After this, the biographer Ron Powers cites the infamous "Whales, Mr. Melville?" (to which I add, "Scribble, scribble, eh, Miss Bronte?"). These can be lumped in with "These guitar groups are on their way out" (Beatles) and "Who's this Bob Dylan?" ( - oh, and - one of Twain's early magazine stories found an enthusiastic audience, but unfortunately the editor spelled his name Mark
Swain.)

There are whole books full of "famous rejections", which are supposed to make the aspiring writer jump up from his/her bed of suicidal depression, all fluffy and flumphy like freshly-plumped pillows. It doesn't work, however, because greatness has a way of coming through no matter what. Or does it? How many Huckleberry Finns languished in drawers somewhere, only to be thrown in the fire a la Thomas Carlyle when the weather got cold?
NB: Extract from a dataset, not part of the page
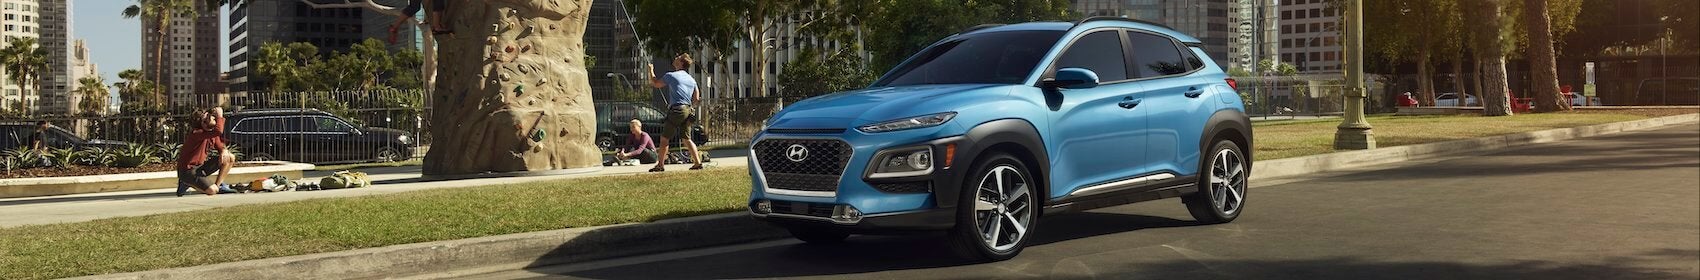 Hyundai Kona Lease Deal Farmington Hills

It's too depressing to contemplate.

Man walks into a publisher's office. Disreputable-looking, shabby clothes, big intimidating cookie-duster of a moustache and untameable head of (red) hair. Obviously a bad character. Has this manuscript he thinks he can sell me, haven't looked at it yet and haven't got time. Worked as a rough-and-ready reporter out West somewhere, has nothing to say to a sophisticated New York audience. Wrote one story, something about a jumping frog, that was published all over the country, but who wants to hear about a jumping frog? This fellow seems to have a million ideas spilling out of him, and we can't have that. He'll stain the Wilton carpet. Uncouth, he is. Smells like tobacco and gin. A man's man, with feverish ideas. But the stunned look, the look of a small child who has been slapped instead of kissed, reveals him to be just another no-talent who can't take his rejections like a man.